The article goes on to state how Her worst torturer was known as ''Rony,'' a
man who is actually a Honduran Army lieutenant, Marco Tulio Regalado.
(Lemoyne 1) It stood out to me that her worst torturer was not an American but
was once again someone of another nation. This man was indeed from the
Honduras. Klein uses these sources but once again only pulled out what she felt
was important to prove her point, and once again she focused solely on the
torturing and not the big piece that stood out to me, which was the help of the
other nation.
How is that Klein portrays such a tell all book, but I find the chapter the
Torture Lab to be very single sided. Only hearing about the tortures Americans
have put upon people, but falls short of telling the total truth about others who
also plays their part in admitting that Americans couldnt be doing all these things
alone.
All though to me Klein has proved what I am stating as correct this makes no
excuse for the fact that America in itself has been a monster even with the help of

other countries. America takes much blame because it is America who has started
these torture processes. Klein states that These prisoners are being tortured by
U.S. Citizens in U.S. run prisons on U.S. planes (Klein 52). That in all is much
true, so with the help of other nation America still takes much blame, and this is
one thing that I feel that Klein definitely does cover in this chapter and this is
where I begin to agree.
She tells of the deeds that Americans are doing to people and the Bush
administrations and how they began the plan. Klein describes them in such
horrifying ways you began to ask yourself how can man kind even do such
things? Take for example her source I talked about above, A Nation Challenged,
about the building of the bigger torture prisons, and how the prisoners are planned
to not be released until the war on terrorism ends. My first initial view of this was
America is only doing what they think is right. They obviously feel that these men
and women are a threat to our country. As I read on in this article I found out that
these prisoners are in jail for nothing more than assumption. The article states So
far, none of the prisoners -- who come from 33 different countries -- have been
charged or found guilty of any crime, (Seelye 2) but they will not be released.
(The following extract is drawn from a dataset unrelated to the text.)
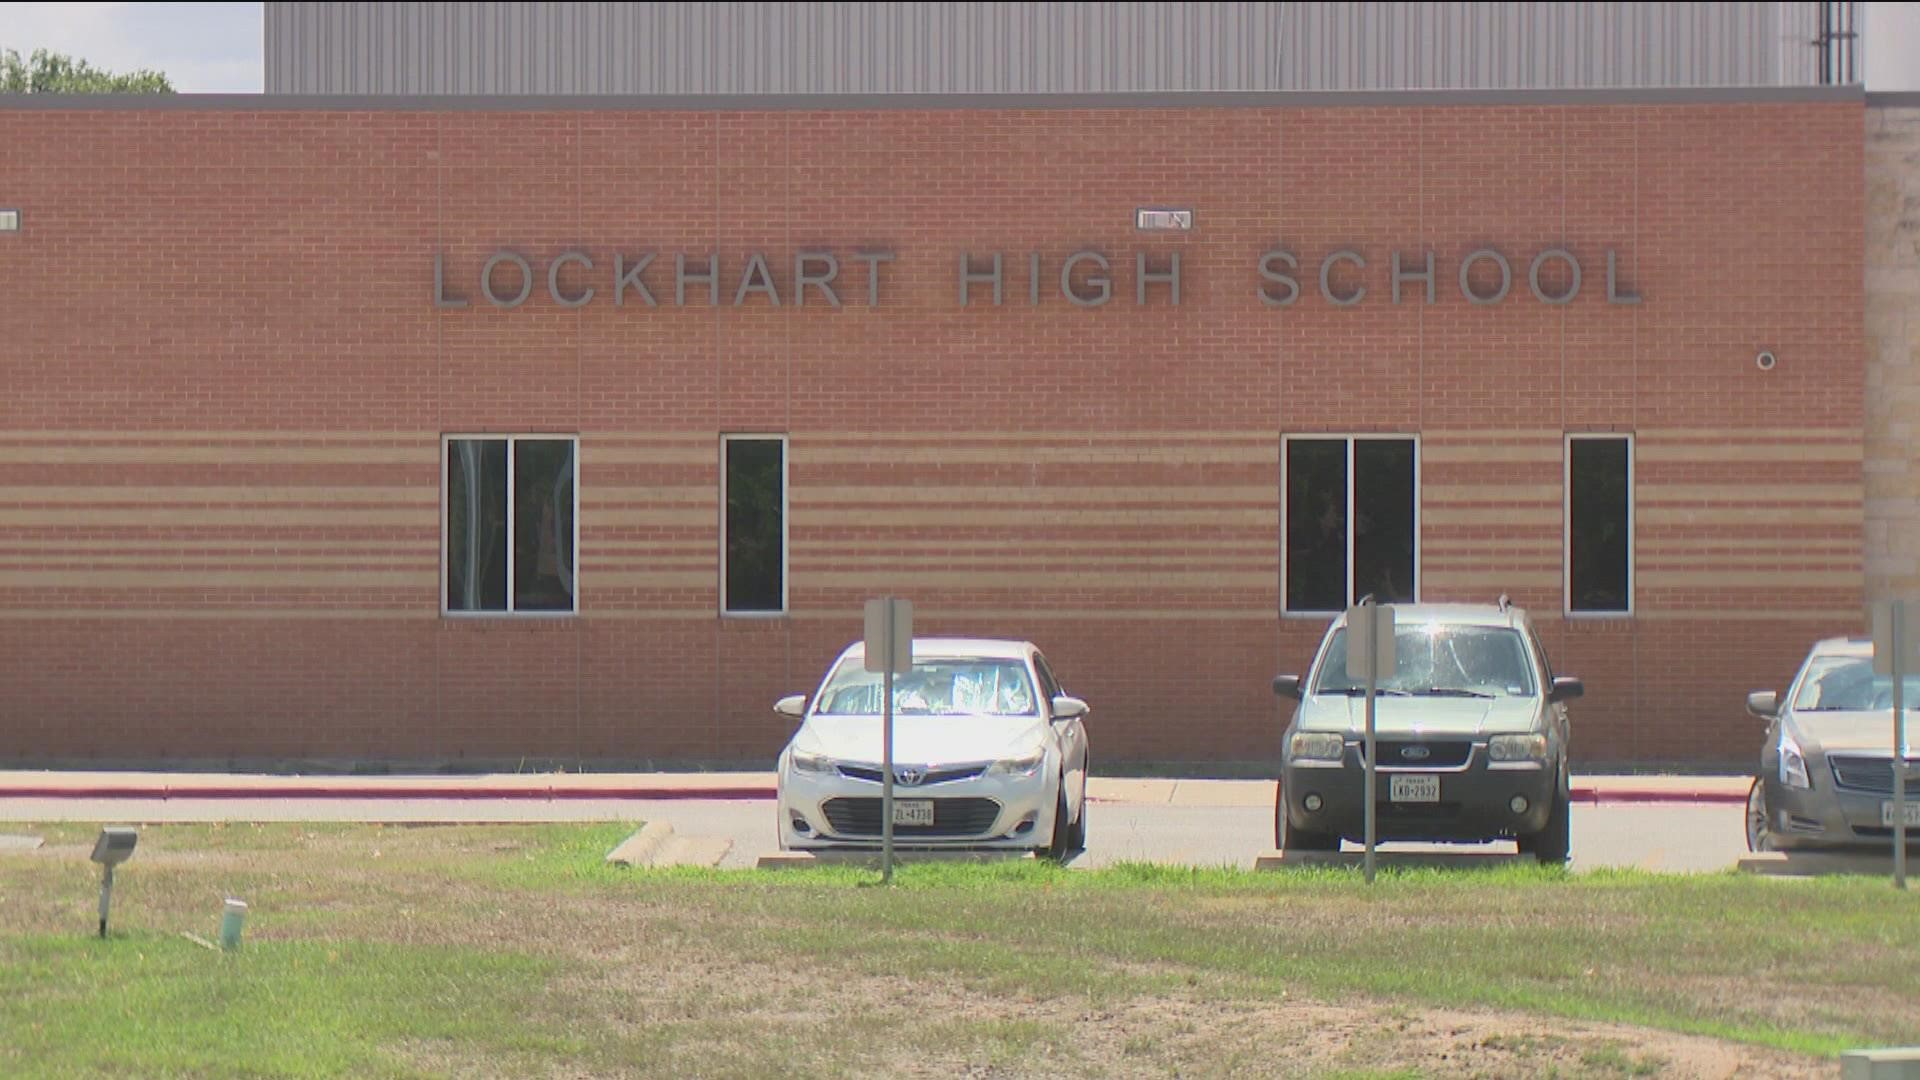 Three more teenage students have been arrested in a case involving a threat written on a bathroom wall.

This brought me to ask what gives America the right to hold people through
days of torture and unimaginable events on the account of nothing. The War on
Terrorism may go on for another 50 to 100 years, and it is these people who will
have to just sit and wait and experience more of this torture. So this brings me to
why I agree in ways of why Klein portrays America as she does in her text.

America even goes on to torture and imprison those on it own native land which
is the story of Padilla which I tell about in above texts. In Why Did They Torture
Jose Padilla? by John Grant, Klein uses this source as a useful way to explain
this story. How America can torture one of there own, one of its own natives as if
he was a stranger to this country by putting him through torture instead of an
American jail, is a question that puzzles us still. I feel that Klein explains and
embodies this story in her text in an effective enough way to let us know what
America is actually doing.
Does she tell both sides the best way, no as I have stated through the text
many times, but I do feel that Klein want to explain the post9/11 fear we have,
that has resulted in a number of horrendously wrong-headed actions that is on
this country.
Klein has showed me and her other readers a look on things she had
uncovered about the doings of America in these torture labs. Klein proves to me
that she really wanted to get across the deeds of America in the injustices and the
imprisonment of these people, and she does a good job of this. What Klein does
not do a good job of is showing the involvement of other countries and the help
America had. Showing us that this is not only a problem of the U.S., but it is
indeed a international problem, and many places and countries are tangled up into
this web of destruction to man-kind.